## ACTIVITY
Apart from the pictures, print the data below exactly as given.

## RECORDED INFORMATION
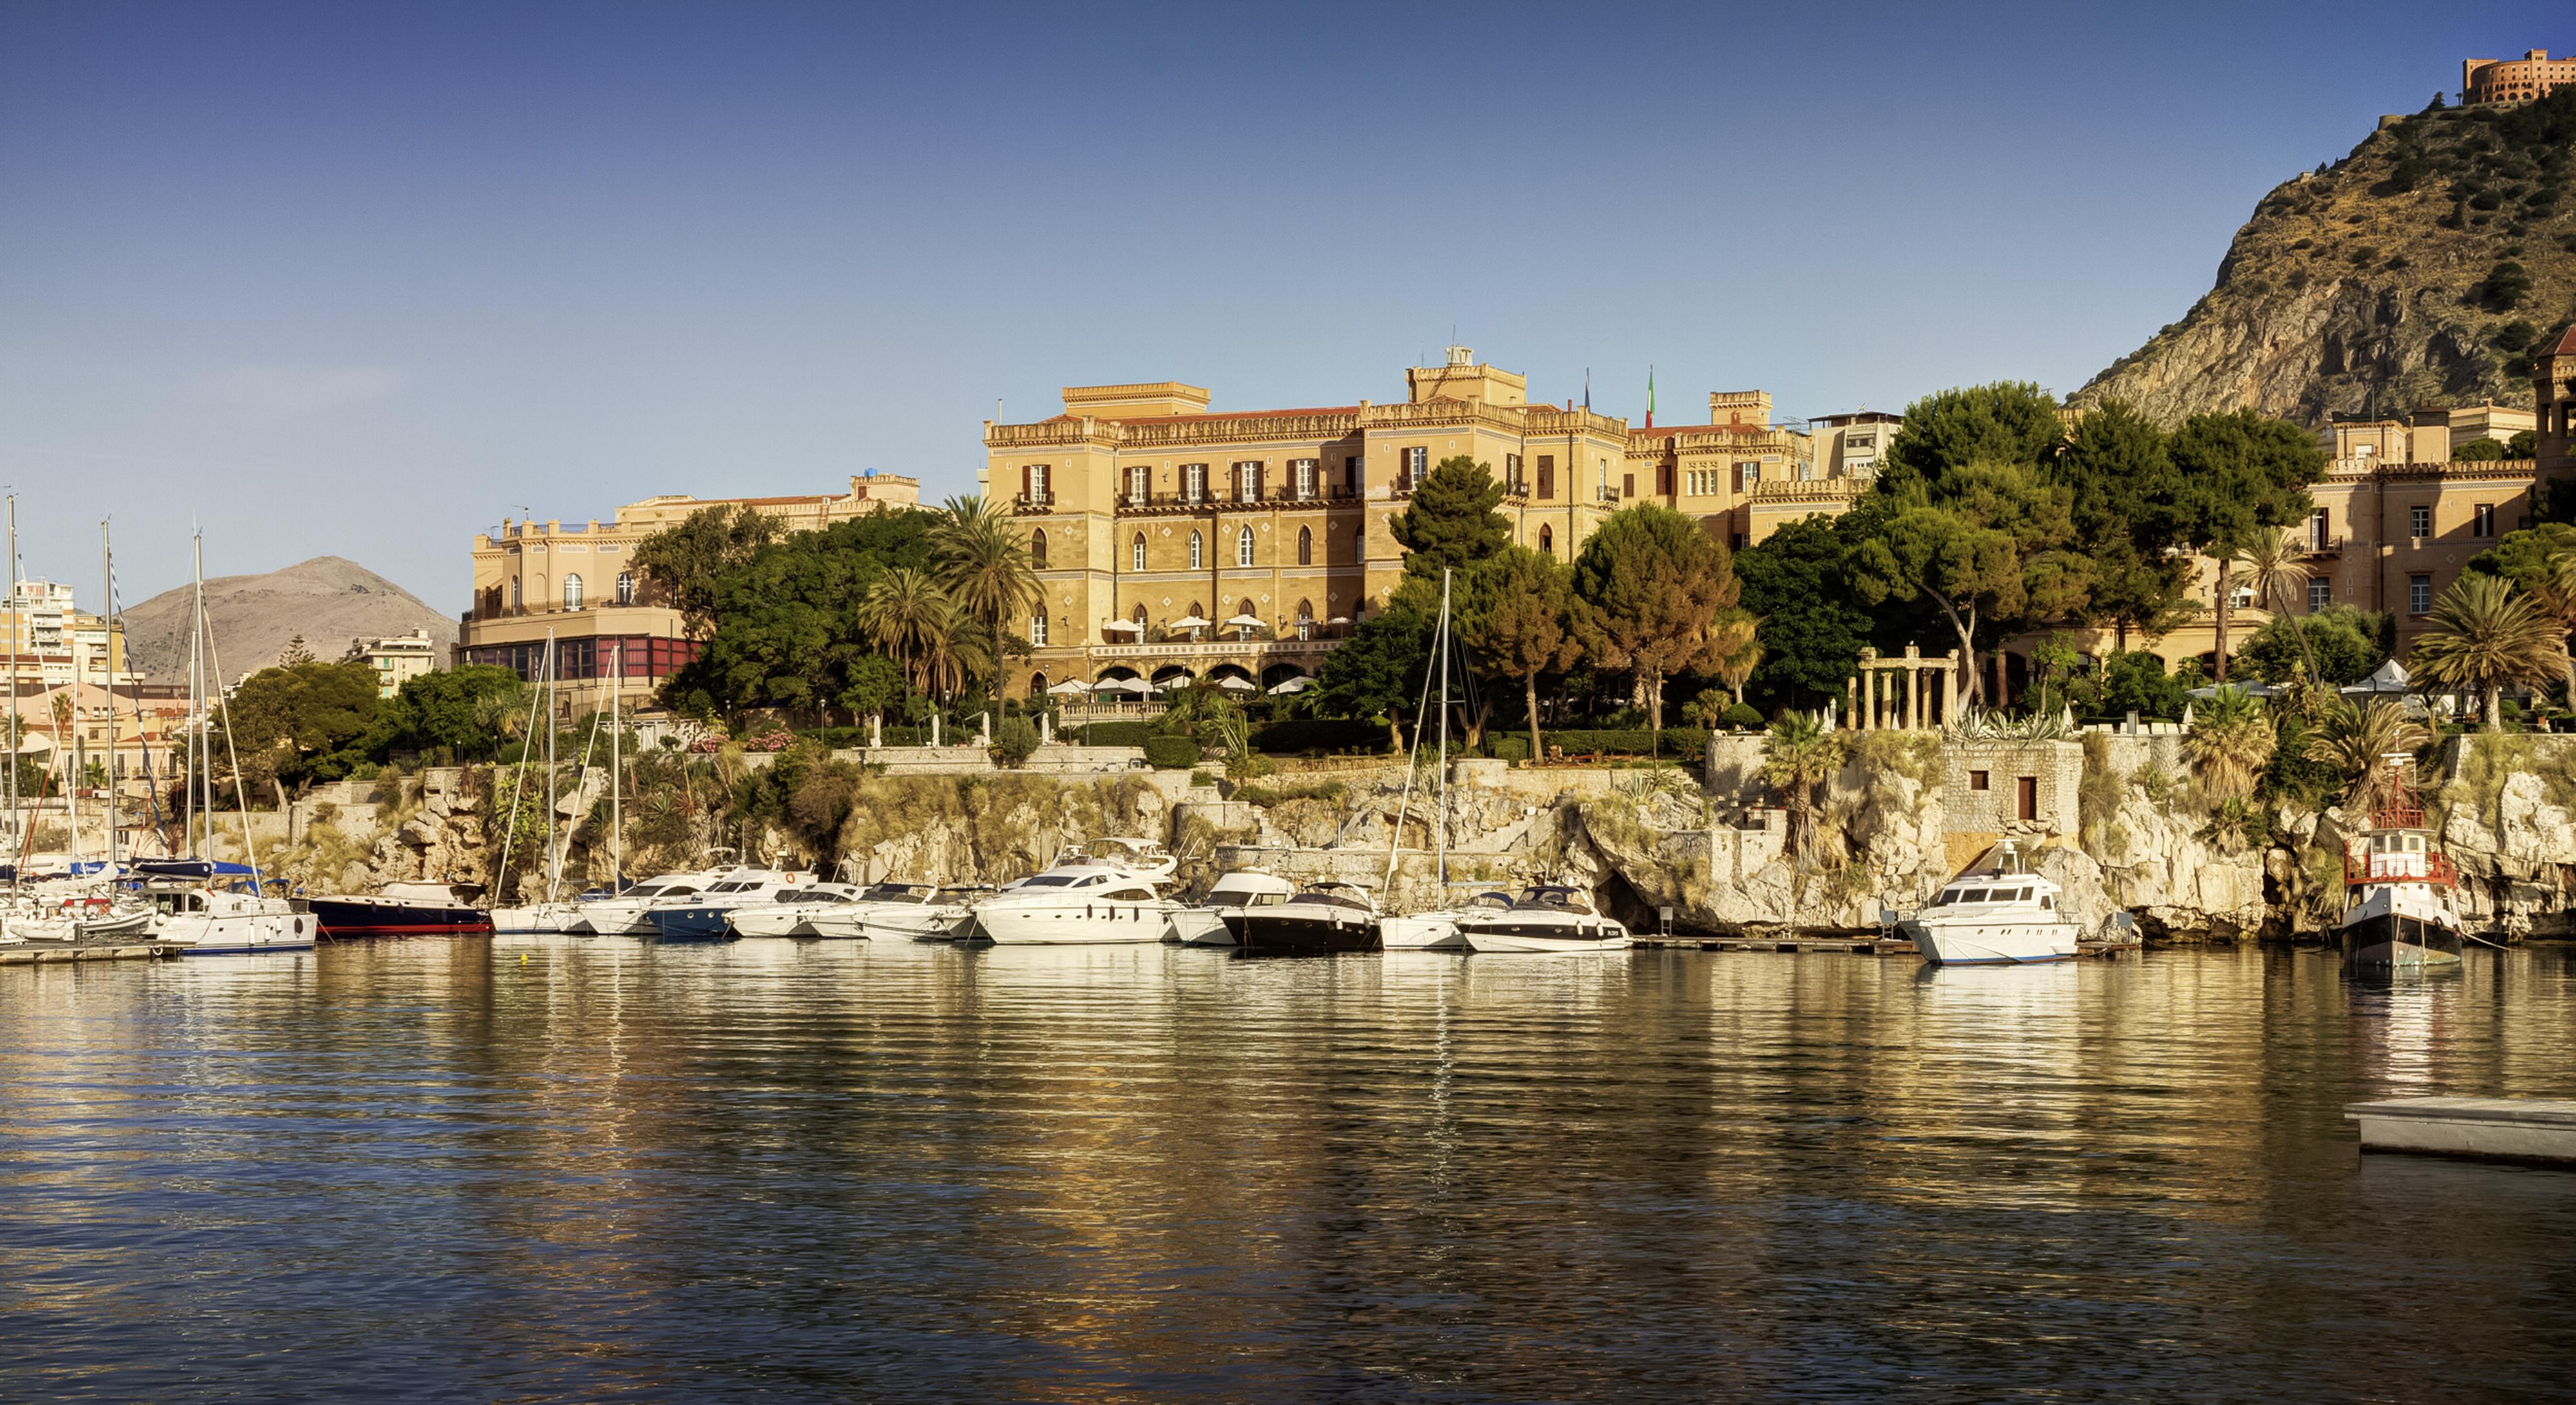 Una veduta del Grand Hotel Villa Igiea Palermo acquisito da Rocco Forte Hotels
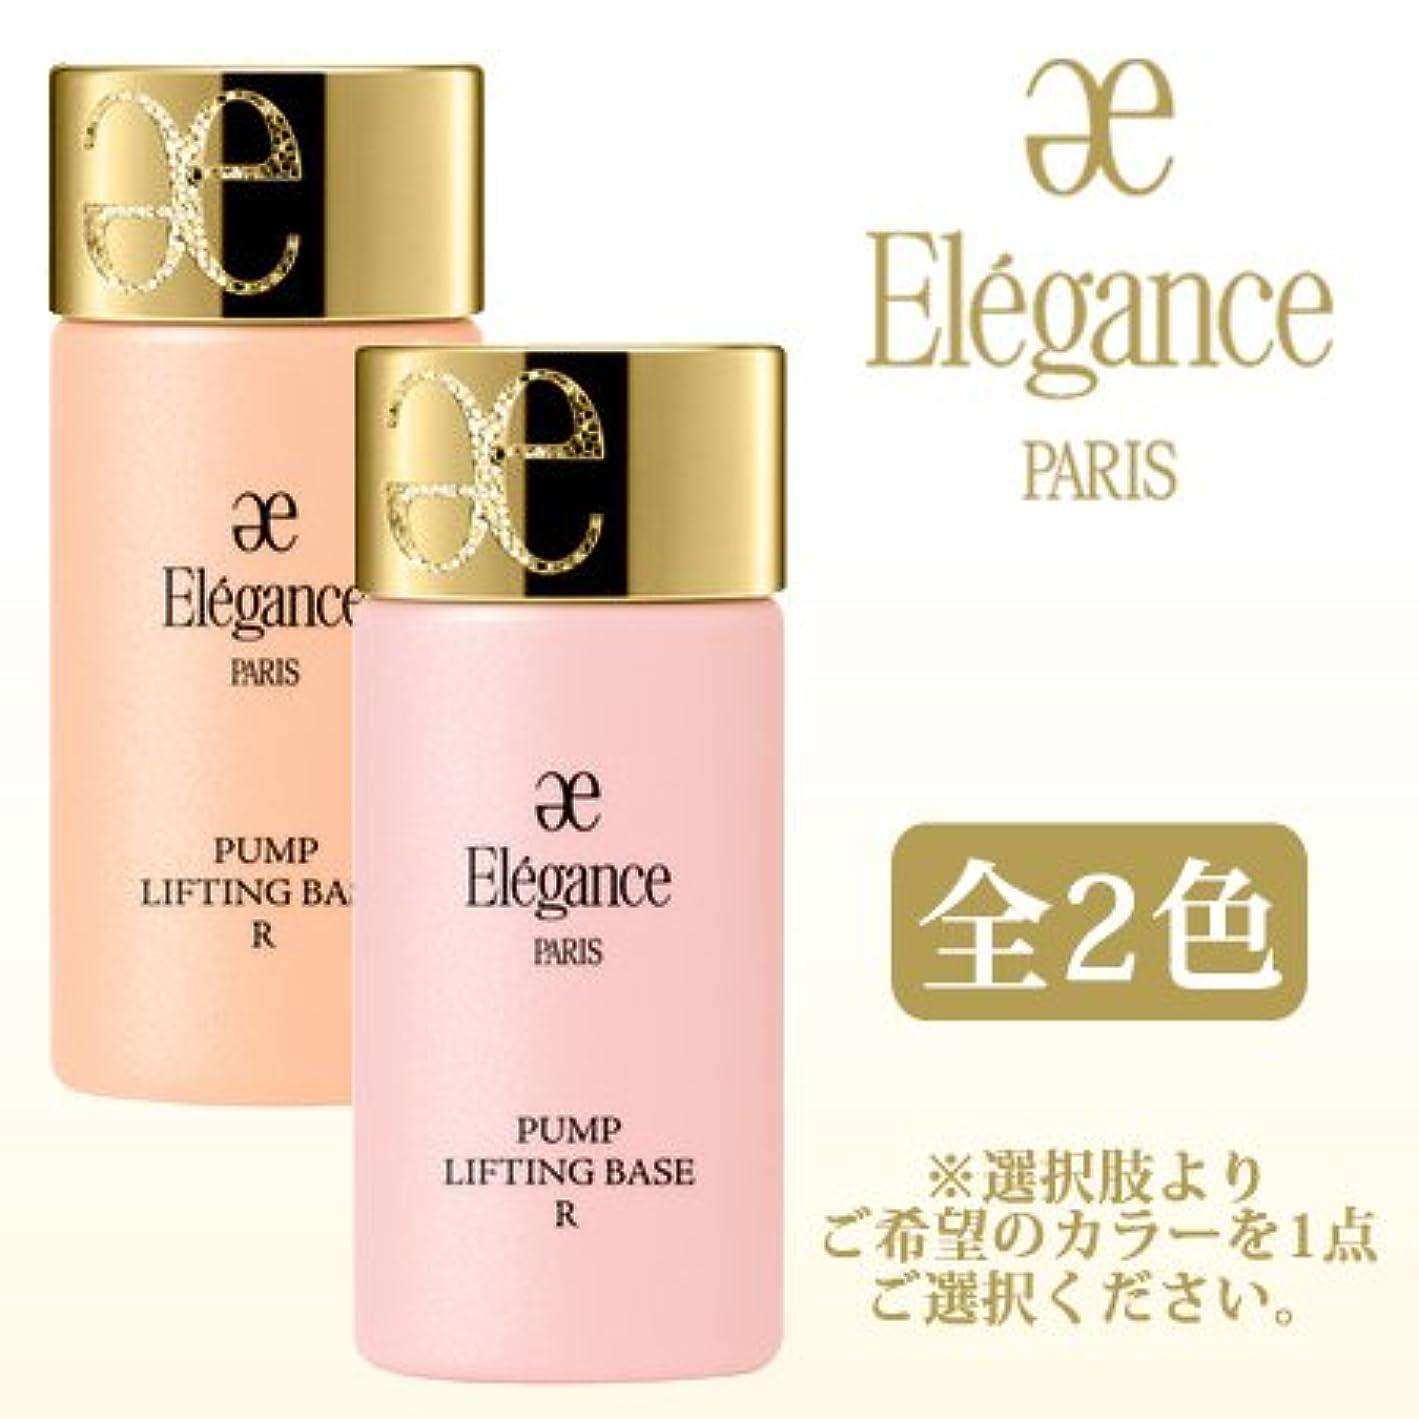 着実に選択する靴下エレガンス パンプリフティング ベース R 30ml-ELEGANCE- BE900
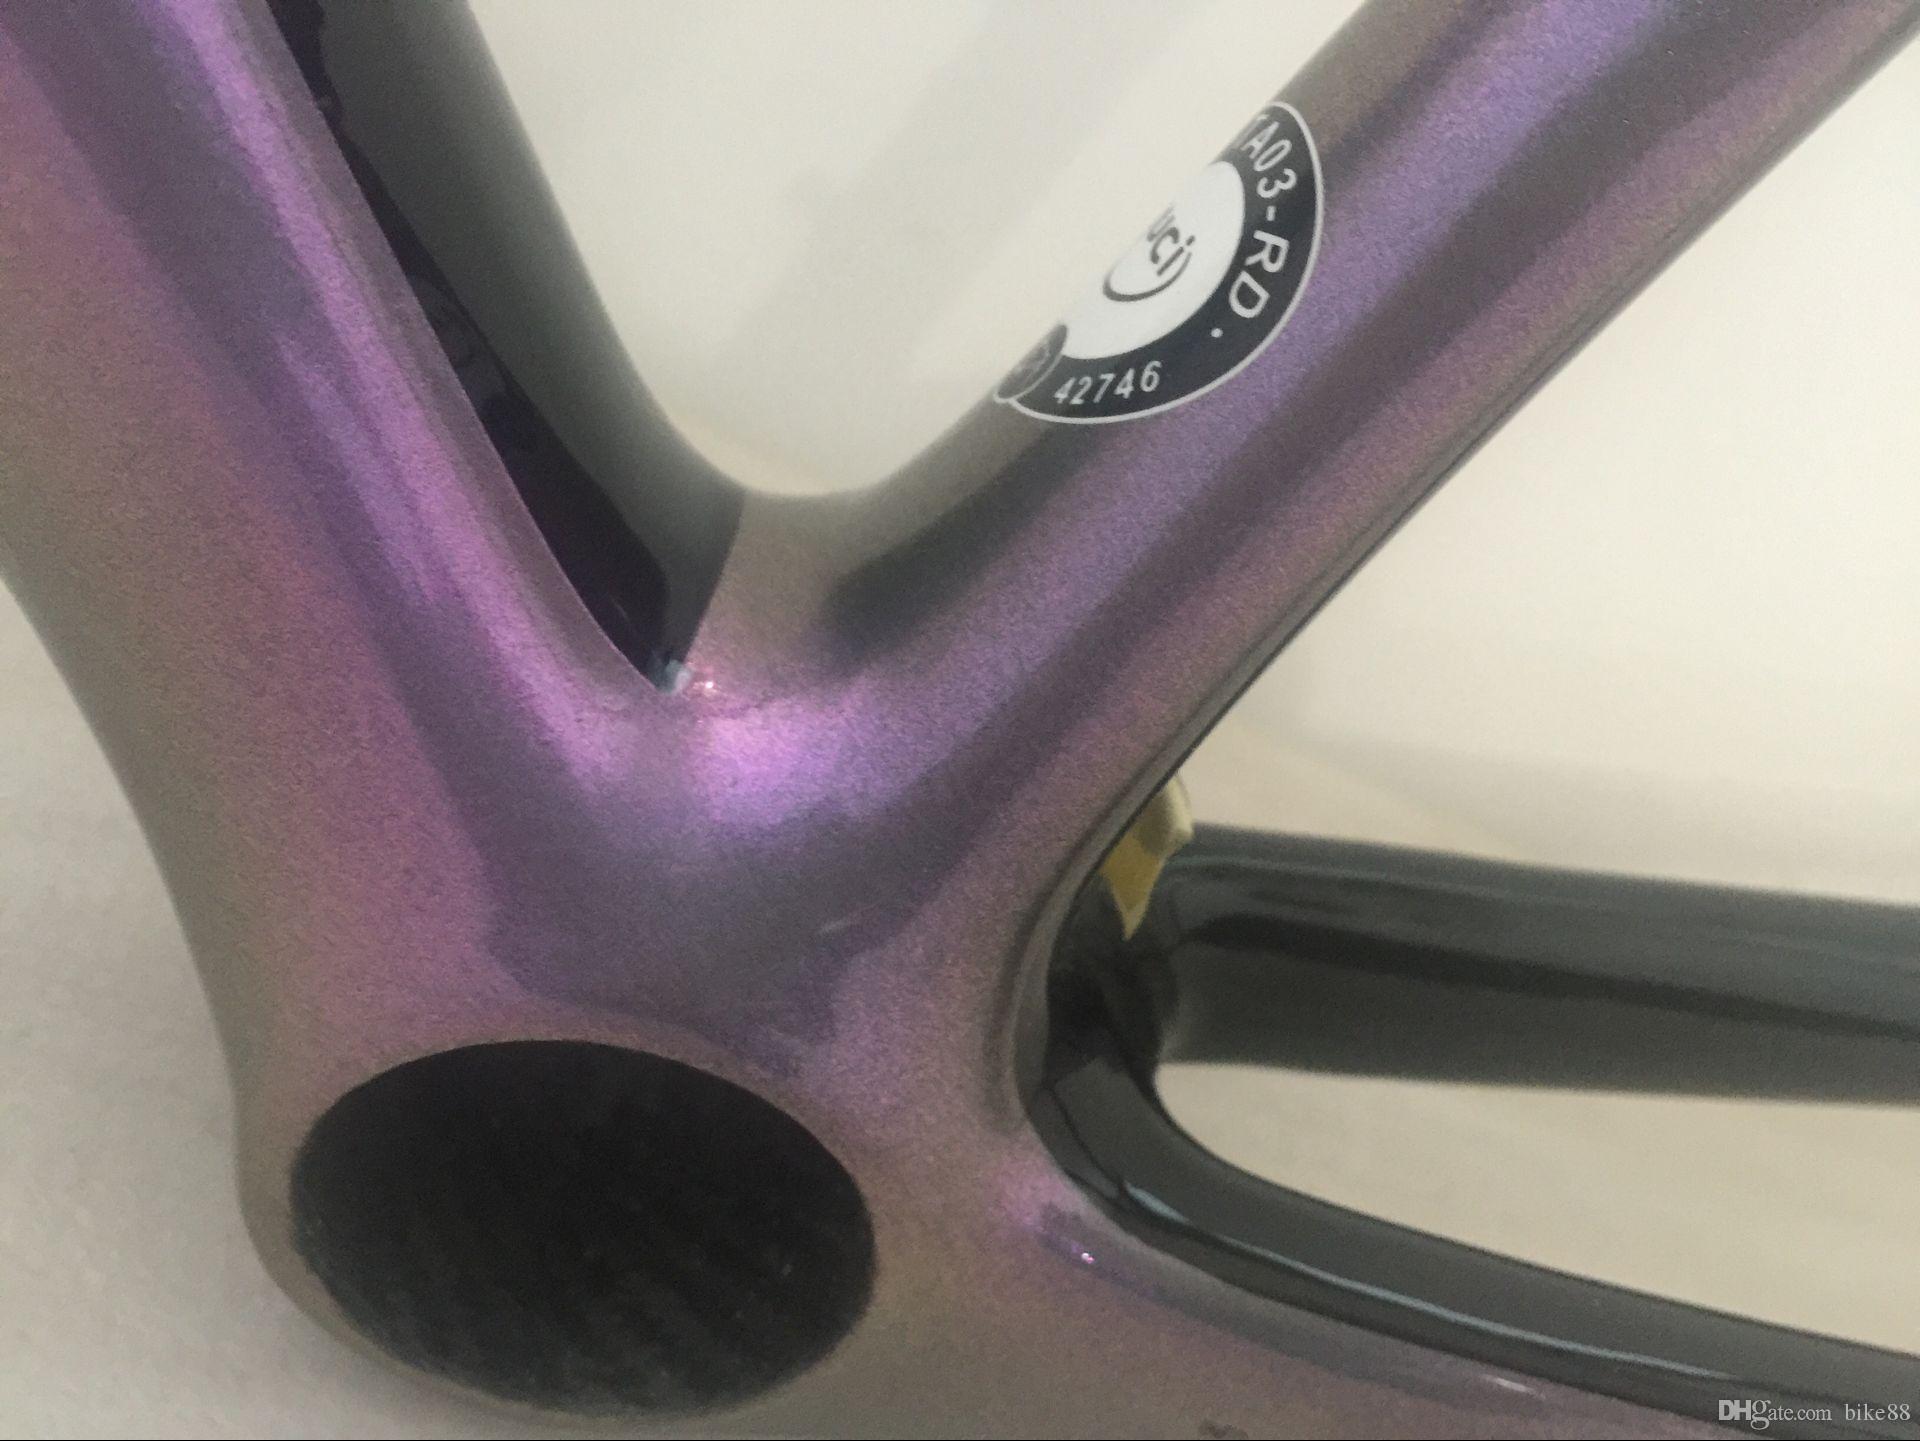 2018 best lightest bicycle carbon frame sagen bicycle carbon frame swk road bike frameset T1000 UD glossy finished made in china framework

## SOLUTION TO THIS TASK
 Una veduta del Grand Hotel Villa Igiea Palermo acquisito da Rocco Forte Hotels
 着実に選択する靴下エレガンス パンプリフティング ベース R 30ml-ELEGANCE- BE900
 2018 best lightest bicycle carbon frame sagen bicycle carbon frame swk road bike frameset T1000 UD glossy finished made in china framework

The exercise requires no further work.